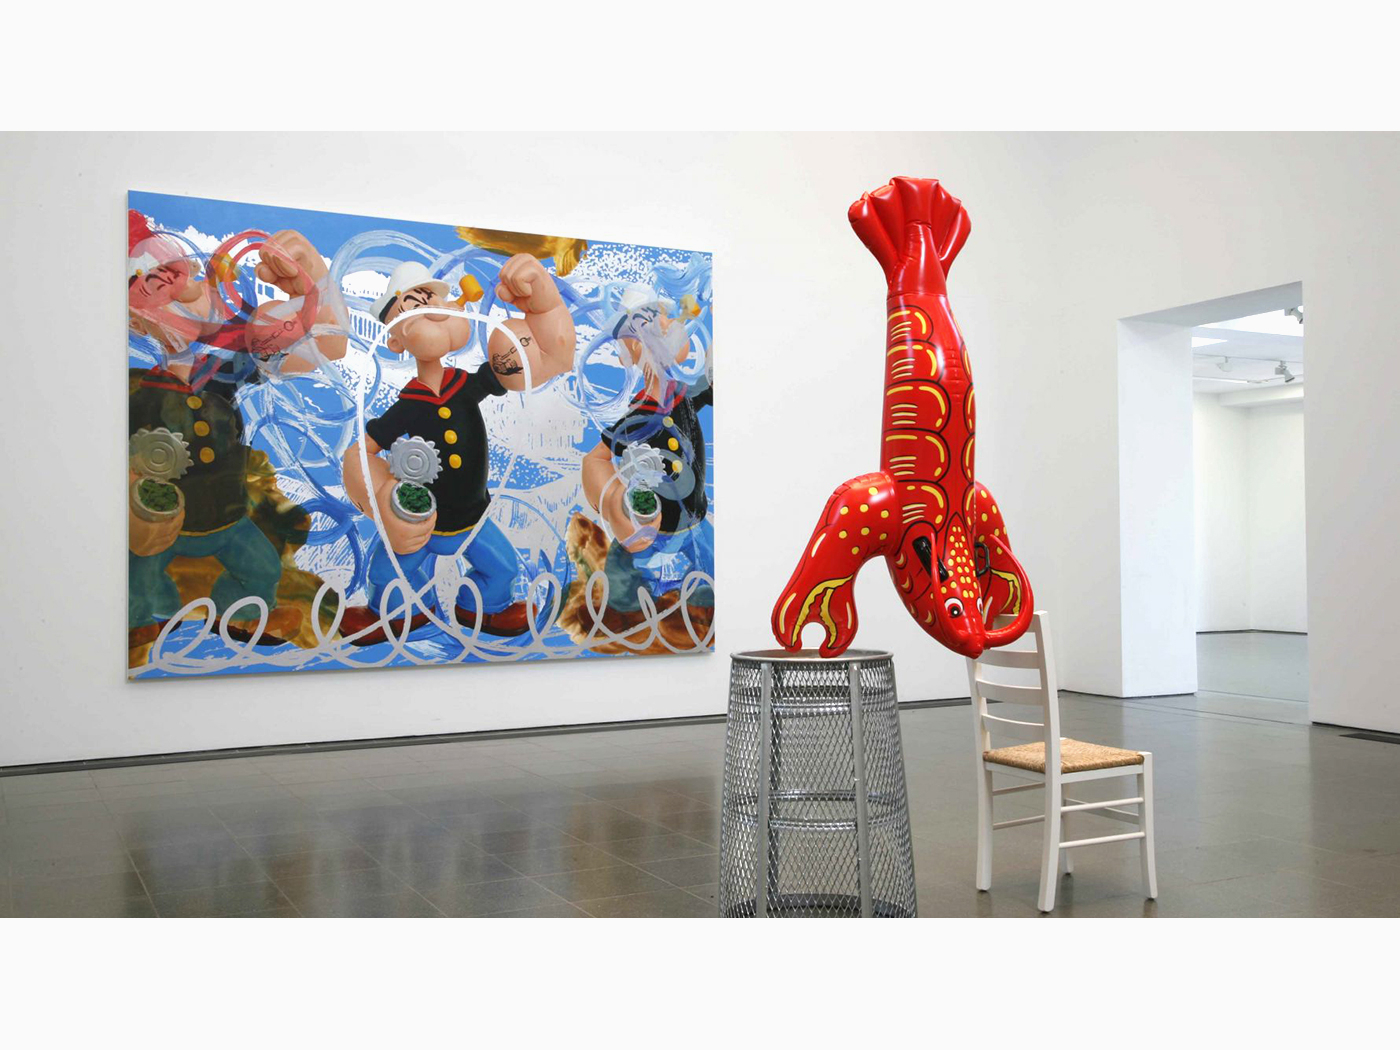 Koons poses here with one of his playful 'Balloon Dog' sculptures which are among the most iconic works of contemporary art in the 21st Century. In 2013, one of his 10-foot-tall Balloon Dog's was purchased for $58.4 million at Christie’s, setting a new record for the most expensive work ever sold at auction by a living artist.
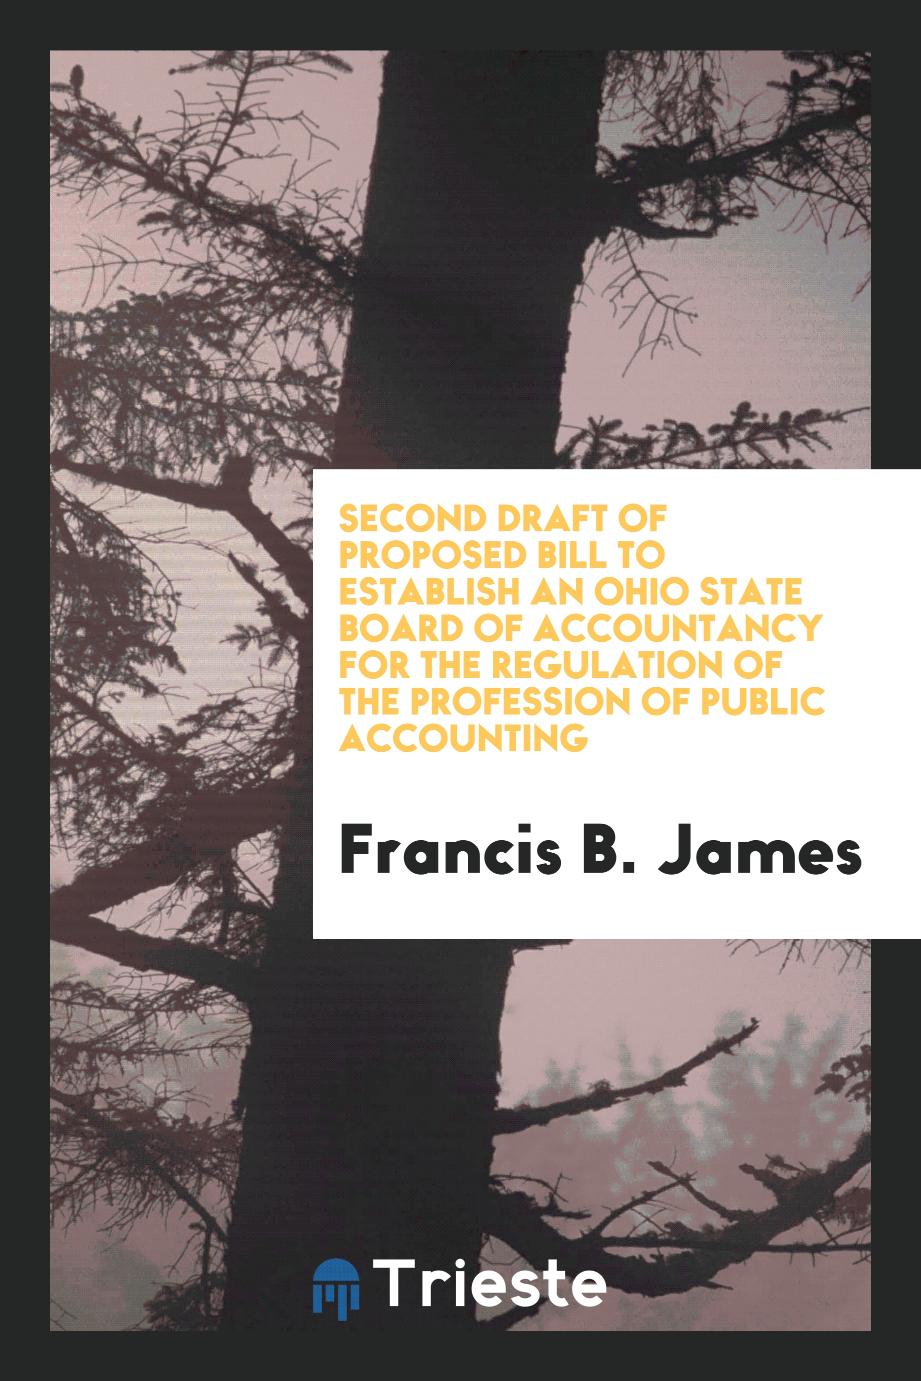 Second draft of Proposed bill to establish an Ohio State board of accountancy for the regulation of the profession of public accounting
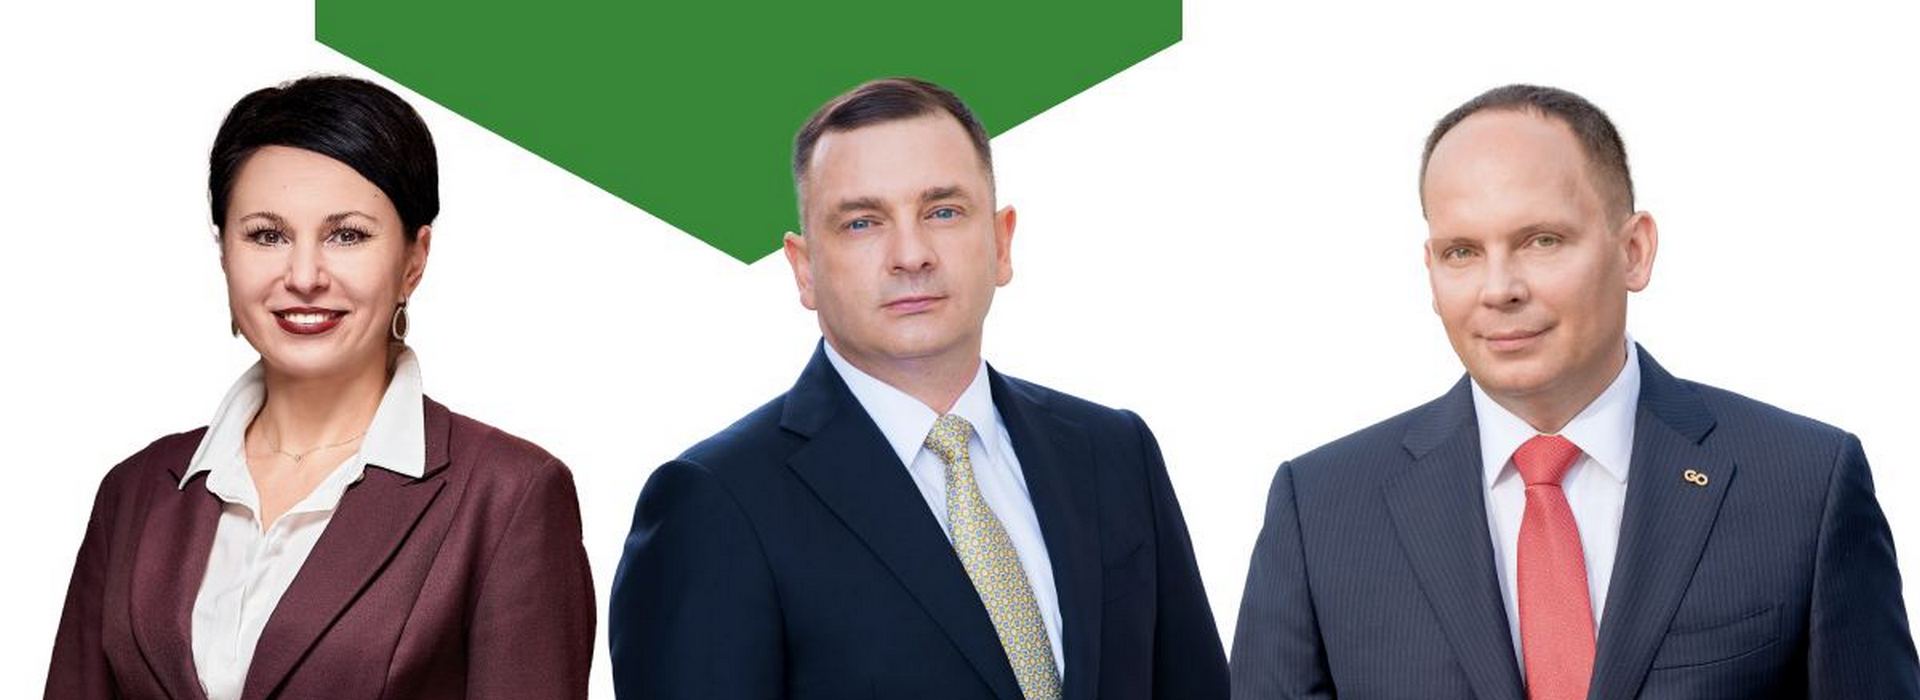 GOLAW Attorneys Have Become the Only Attorneys from Ukraine Who Received the Highest Recognition – Global Leaders According to the Independent International Legal Sdvisory Who’s Who Legal 2022
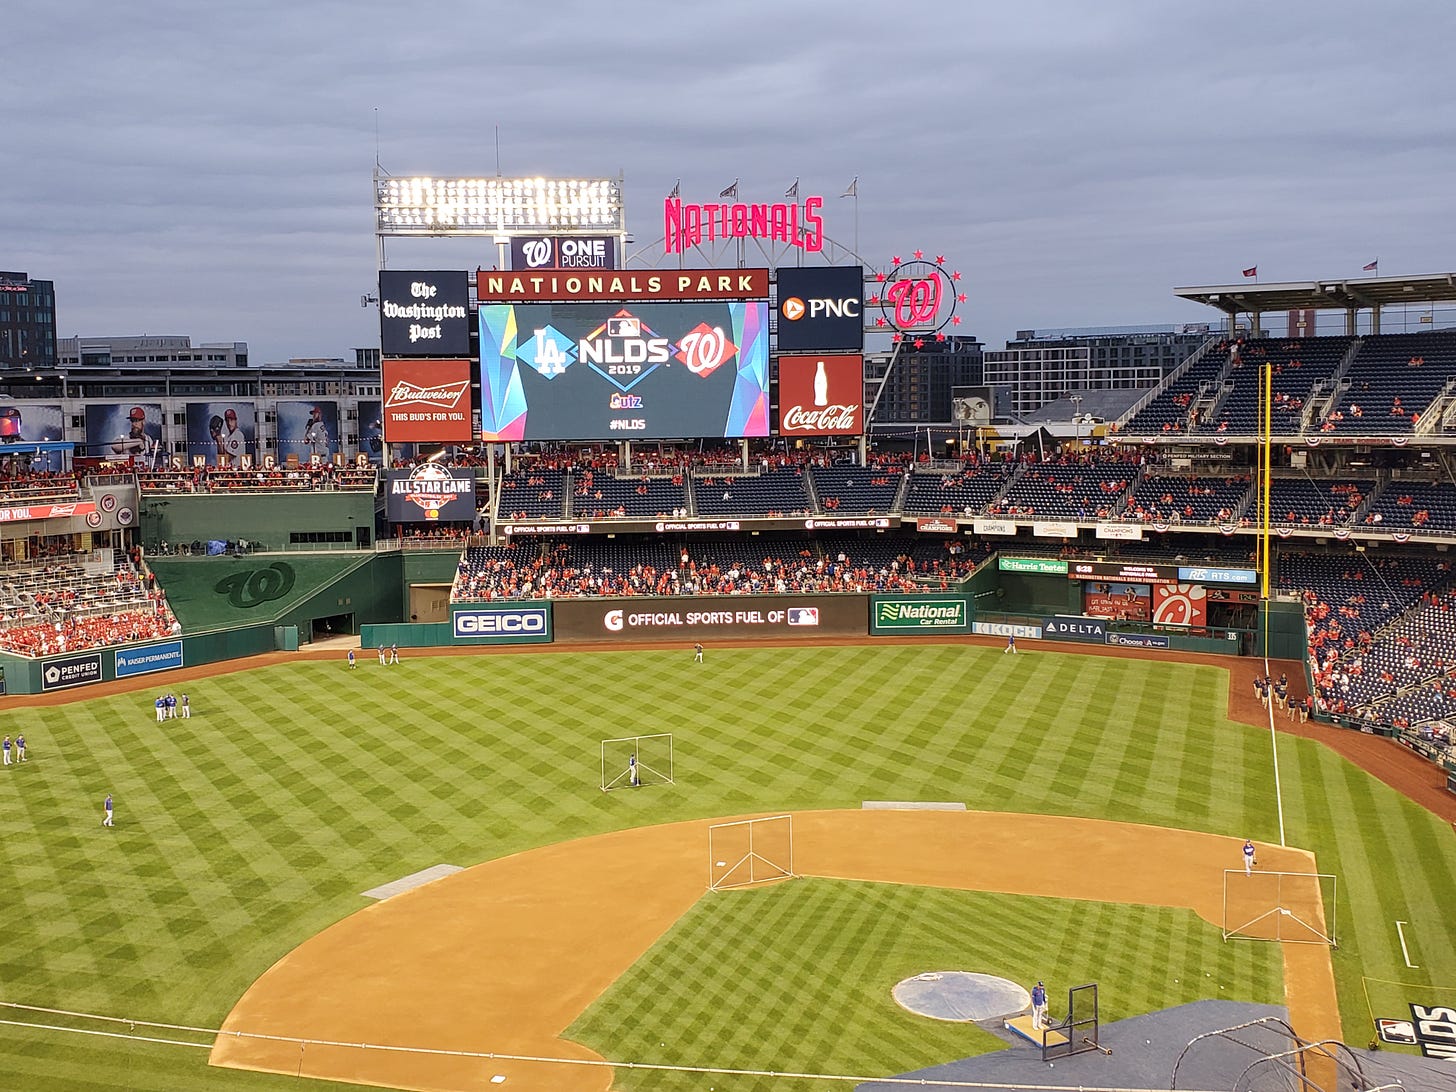 The view from pre-game batting practice at Nationals Park at Game 3 of the National League Division Series on October 6, 2019.
━━━━━━━━━━━━━━━━━━━━
WHAT TO DO: All of the material above is to be retyped exactly, with no pictures included.

ANSWER SECTION:
 Koons poses here with one of his playful 'Balloon Dog' sculptures which are among the most iconic works of contemporary art in the 21st Century. In 2013, one of his 10-foot-tall Balloon Dog's was purchased for $58.4 million at Christie’s, setting a new record for the most expensive work ever sold at auction by a living artist.
 Second draft of Proposed bill to establish an Ohio State board of accountancy for the regulation of the profession of public accounting
 GOLAW Attorneys Have Become the Only Attorneys from Ukraine Who Received the Highest Recognition – Global Leaders According to the Independent International Legal Sdvisory Who’s Who Legal 2022
 The view from pre-game batting practice at Nationals Park at Game 3 of the National League Division Series on October 6, 2019.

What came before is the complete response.